There comes a time in the life of some in my profession that we cry out for beauty and a gentleness that is missing in our lives. I have reached that stage. I have no idea why ballet popped into my head—it just did. I have never been to a ballet, never met anyone involved in the ballet, and certainly never photographed anything close. Yet I managed to convince the Julio Bocca Ballet School in Buenos Aires to let me into their world.
I was soon to discover that the Julio Bocca School was one of the very best in the world. Even the cabbies in Buenos Aires had heard of the legendary ballet dancer Julio Bocca. I confessed to the school that I was somewhat of a burnt-out old warhorse who knew nothing about their profession. This was to be the best confession I have ever made. The door, the hearts of the school administrators and the dancers flew open to me, welcoming me into a marvelous new and dazzling world of creativity.
Unfortunately for me, the very first frame that I shot in the dance studio in Buenos Aires took me straight back to that butcher’s shop in Mogadishu. I visibly winced as I saw the bloodied, bruised, and deformed toes wrapped with tape and padding.
But as soon as they were up “on point,” Mogadishu and its nightmares vanished from my mind altogether.

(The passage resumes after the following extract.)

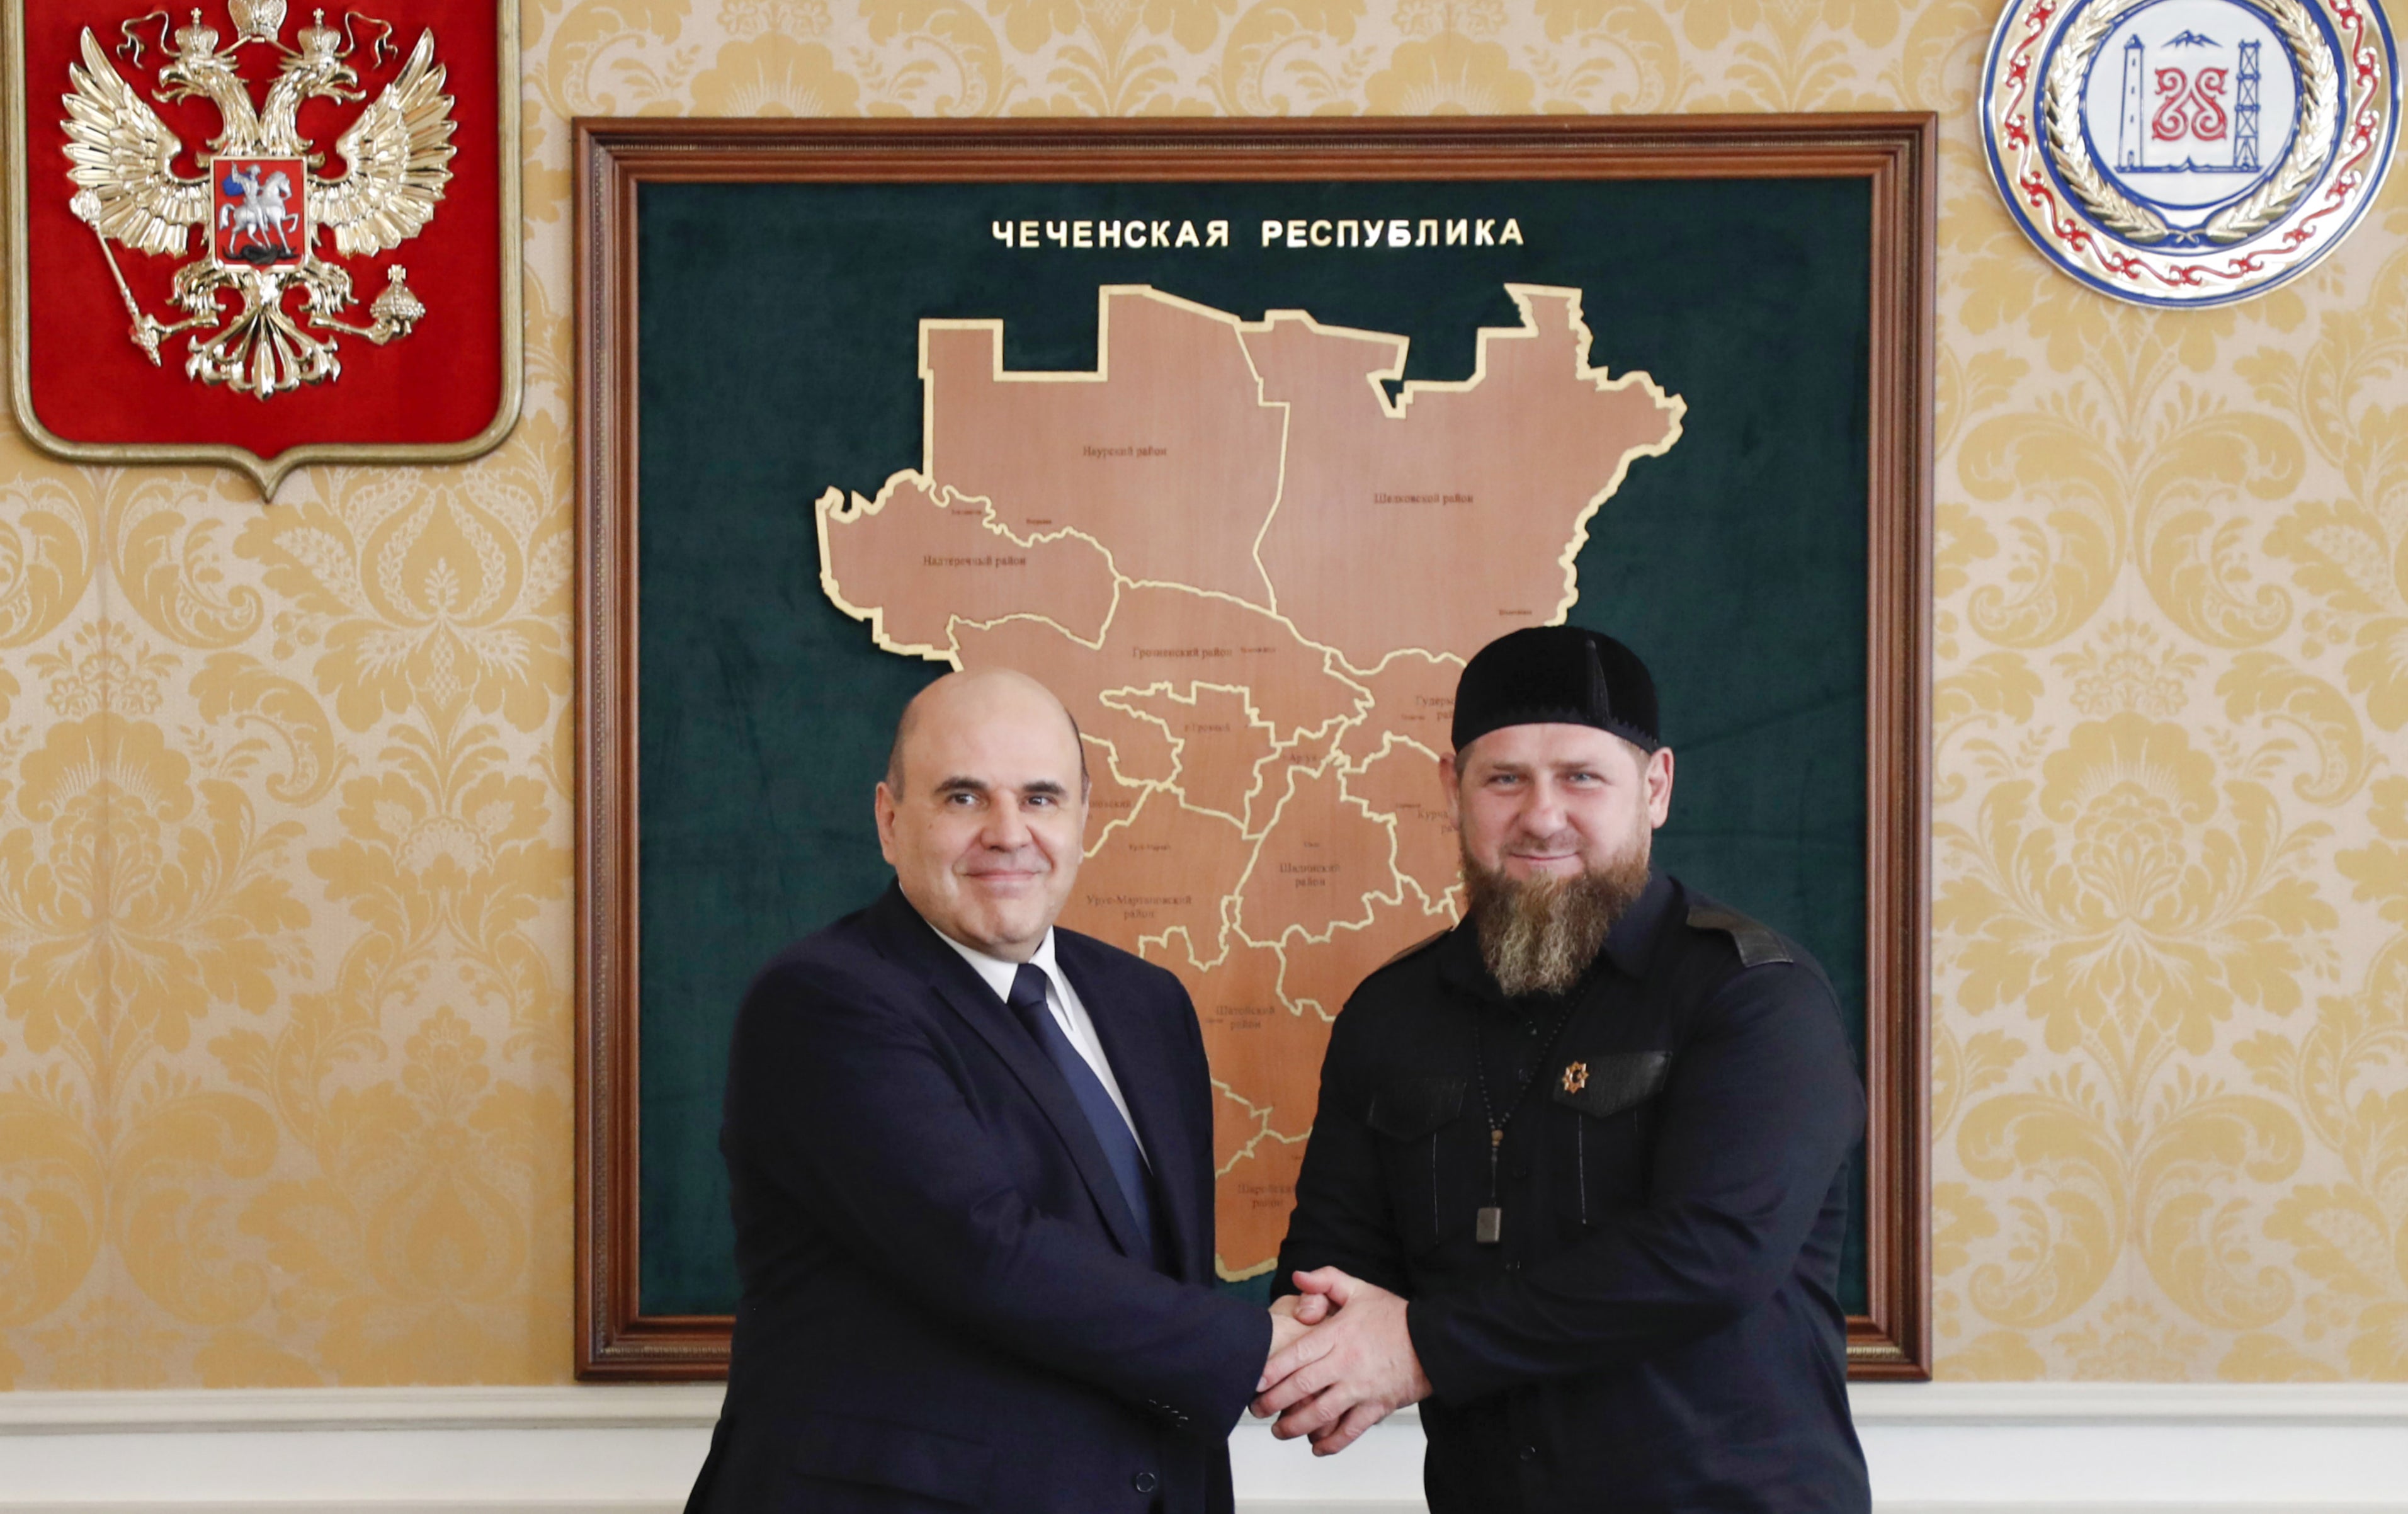 The Russian prime minister, Mikhail Mishustin, and Kadyrov shake hands during their meeting in Grozny, 23 April 2021

These girls moved so beautifully and with such grace and poise that once again, for a little while, I didn’t shoot a frame, but just watched in fascination.
I am now starting to smile behind the camera. Not the perverse smile of the photographer who knows he has caught a moment of terror in a war zone, but the smile of the photographer who has just captured the most beautiful movement he has ever seen. As I am a lensman and not a pensman I will try and let my pictures tell the story of the dedication and sacrifice of these ballet dancers. I think that’s fair to them and me.
There was one other peculiar moment that gave rise to a shiver of unwanted Somali memories. While photographing members of “Ballet Argentino Company” rehearsing for a piece, dancer Nicola Villabo injured his left wrist lifting a ballerina. And Ezequiel Corbalan sprained his left ankle in a complicated move. I thought of a young man in Mogadishu who by now would be around 27 years old, hobbling around that tormented city, begging to survive.